In the entries below, find each line with the word "sitting" and pull it out.
»»
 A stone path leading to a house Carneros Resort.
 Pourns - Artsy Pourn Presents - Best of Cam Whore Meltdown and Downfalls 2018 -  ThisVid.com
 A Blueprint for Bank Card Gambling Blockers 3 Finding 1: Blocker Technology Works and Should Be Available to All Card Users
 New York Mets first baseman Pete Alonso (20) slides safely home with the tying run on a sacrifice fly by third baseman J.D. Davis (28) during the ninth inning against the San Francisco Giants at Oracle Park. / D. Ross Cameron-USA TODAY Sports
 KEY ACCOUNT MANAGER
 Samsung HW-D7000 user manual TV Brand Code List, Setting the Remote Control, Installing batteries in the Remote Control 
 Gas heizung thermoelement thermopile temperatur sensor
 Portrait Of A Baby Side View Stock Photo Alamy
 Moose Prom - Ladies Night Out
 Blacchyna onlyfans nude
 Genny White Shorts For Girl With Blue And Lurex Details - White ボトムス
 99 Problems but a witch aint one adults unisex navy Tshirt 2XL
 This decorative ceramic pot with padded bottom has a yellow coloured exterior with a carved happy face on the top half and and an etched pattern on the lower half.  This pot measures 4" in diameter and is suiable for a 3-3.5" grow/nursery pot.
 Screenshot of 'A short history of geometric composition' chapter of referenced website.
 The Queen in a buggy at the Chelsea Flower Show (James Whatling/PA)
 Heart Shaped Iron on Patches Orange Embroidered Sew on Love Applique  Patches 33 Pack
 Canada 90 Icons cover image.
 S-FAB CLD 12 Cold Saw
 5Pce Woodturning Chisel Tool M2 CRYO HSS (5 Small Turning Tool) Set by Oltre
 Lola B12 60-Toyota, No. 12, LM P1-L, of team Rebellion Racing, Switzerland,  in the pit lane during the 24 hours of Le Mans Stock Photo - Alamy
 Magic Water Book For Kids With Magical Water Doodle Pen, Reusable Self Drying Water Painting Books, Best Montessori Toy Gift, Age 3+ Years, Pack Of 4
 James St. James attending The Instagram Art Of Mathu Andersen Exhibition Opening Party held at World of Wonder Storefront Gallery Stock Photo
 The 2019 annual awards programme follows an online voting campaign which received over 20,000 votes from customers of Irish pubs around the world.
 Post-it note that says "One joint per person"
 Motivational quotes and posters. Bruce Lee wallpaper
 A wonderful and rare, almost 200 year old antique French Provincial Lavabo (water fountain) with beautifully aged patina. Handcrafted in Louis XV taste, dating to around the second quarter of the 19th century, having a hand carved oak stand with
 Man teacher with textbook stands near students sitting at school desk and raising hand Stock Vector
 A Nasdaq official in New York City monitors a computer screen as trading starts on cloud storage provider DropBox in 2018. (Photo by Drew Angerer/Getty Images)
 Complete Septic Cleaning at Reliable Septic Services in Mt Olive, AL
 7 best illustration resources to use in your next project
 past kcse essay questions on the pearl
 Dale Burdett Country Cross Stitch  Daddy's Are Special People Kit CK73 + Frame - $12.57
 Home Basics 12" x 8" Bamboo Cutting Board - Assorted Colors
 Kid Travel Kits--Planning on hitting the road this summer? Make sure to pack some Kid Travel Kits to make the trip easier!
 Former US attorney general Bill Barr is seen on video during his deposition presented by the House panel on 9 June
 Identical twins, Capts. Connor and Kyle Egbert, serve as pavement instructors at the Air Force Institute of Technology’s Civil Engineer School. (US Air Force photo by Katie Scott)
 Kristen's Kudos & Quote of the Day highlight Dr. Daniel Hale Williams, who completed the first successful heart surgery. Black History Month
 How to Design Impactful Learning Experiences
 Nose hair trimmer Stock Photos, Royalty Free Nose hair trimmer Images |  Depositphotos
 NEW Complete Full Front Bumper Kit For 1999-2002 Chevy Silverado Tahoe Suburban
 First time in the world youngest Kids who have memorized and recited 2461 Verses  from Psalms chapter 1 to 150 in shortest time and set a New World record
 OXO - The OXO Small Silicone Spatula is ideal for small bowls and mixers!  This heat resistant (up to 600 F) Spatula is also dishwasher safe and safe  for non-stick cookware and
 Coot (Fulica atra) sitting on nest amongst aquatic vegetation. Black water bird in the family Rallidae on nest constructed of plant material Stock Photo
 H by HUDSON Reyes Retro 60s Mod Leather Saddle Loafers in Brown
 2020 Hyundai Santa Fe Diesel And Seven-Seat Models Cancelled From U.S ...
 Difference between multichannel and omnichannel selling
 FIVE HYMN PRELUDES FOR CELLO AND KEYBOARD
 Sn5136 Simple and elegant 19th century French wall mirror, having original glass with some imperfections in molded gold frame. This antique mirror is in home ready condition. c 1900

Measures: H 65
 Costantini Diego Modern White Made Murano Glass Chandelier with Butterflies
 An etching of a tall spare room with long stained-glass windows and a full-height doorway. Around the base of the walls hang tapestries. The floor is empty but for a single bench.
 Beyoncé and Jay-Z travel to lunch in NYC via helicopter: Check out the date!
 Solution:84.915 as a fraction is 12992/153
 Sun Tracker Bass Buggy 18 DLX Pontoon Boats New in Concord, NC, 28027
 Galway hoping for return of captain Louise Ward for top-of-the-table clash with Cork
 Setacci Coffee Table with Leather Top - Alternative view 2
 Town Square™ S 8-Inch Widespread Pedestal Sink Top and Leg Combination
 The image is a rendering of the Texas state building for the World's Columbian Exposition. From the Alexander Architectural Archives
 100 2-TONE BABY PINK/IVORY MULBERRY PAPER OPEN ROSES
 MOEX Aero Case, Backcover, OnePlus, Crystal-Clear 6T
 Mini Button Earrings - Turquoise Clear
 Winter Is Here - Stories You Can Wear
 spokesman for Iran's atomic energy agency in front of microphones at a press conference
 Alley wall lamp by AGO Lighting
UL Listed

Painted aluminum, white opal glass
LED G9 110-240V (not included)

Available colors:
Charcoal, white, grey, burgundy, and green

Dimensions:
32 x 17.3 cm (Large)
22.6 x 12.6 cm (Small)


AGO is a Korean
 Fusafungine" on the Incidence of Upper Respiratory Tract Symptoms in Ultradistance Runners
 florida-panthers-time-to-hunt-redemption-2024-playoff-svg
««
_Solution to the exercise_
 Man teacher with textbook stands near students sitting at school desk and raising hand Stock Vector
 Coot (Fulica atra) sitting on nest amongst aquatic vegetation. Black water bird in the family Rallidae on nest constructed of plant material Stock Photo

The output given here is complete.